From the Times of India to the Toronto Star, Lucky Budd clicks through site after site excited to see the word ‘levidrome’ in a worldwide frame.
“It’s been five weeks and it has totally blown up today,” the Victoria dad says. Five weeks ago they posted a video to explain a levidrome, and find a way to get it into the Oxford dictionary.
The concept of a levidrome isn’t new, they’re like a palindrome only creating two words – for example pool backward is loop. Levi, 6, moved on quickly from the discovery of palindromes to what they call levidromes. The Victoria family has plenty of examples, with pictures pouring in from classrooms across the nation.

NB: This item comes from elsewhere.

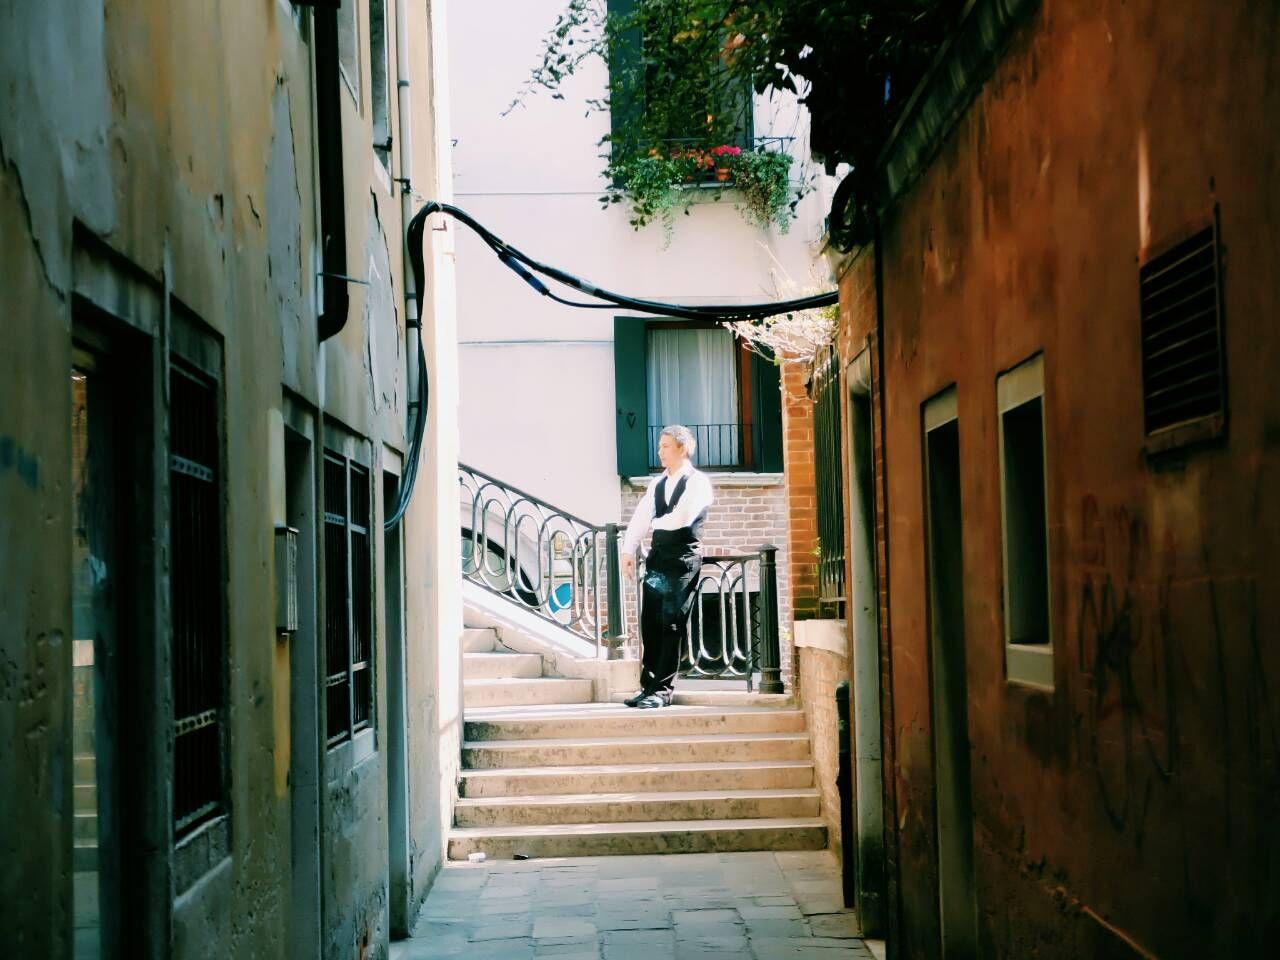 路地裏にこそ素顔のヴェネツィアが潜んでいる

“It’s everywhere. It’s completely blown up. William Shatner is tweeting about it again today,” Budd says. “Last night I checked to see if levidromes.com was available and it wasn’t somebody already bought it.”
Your Tuesday #Levidrome : leper ➰ repel
— Anthony F. Ingram (@afivancouver) November 21, 2017
Victoria sport celebrity Simon Whitfield tweeted early in the campaign, and others are piling on.
@EPEC_Library is collecting words for our #levidrome wall. Drop in at break or lunch and add a new #levidrome to our wall. @EPEC3 How many #levidrome can @EPEC3 students find? READY, SET, GO! pic.twitter.com/y9pofYlzX4
— EPEC Library (@EPEC_Library) November 19, 2017
The most impressive thing, the elder Budd says, is that it models for his young son that you can go out and do something. Levi had an idea and they went and did something about it.
“Our kids learn by what we do, not what we say,” Budd says. “This shows the potential for the postive power of social media.”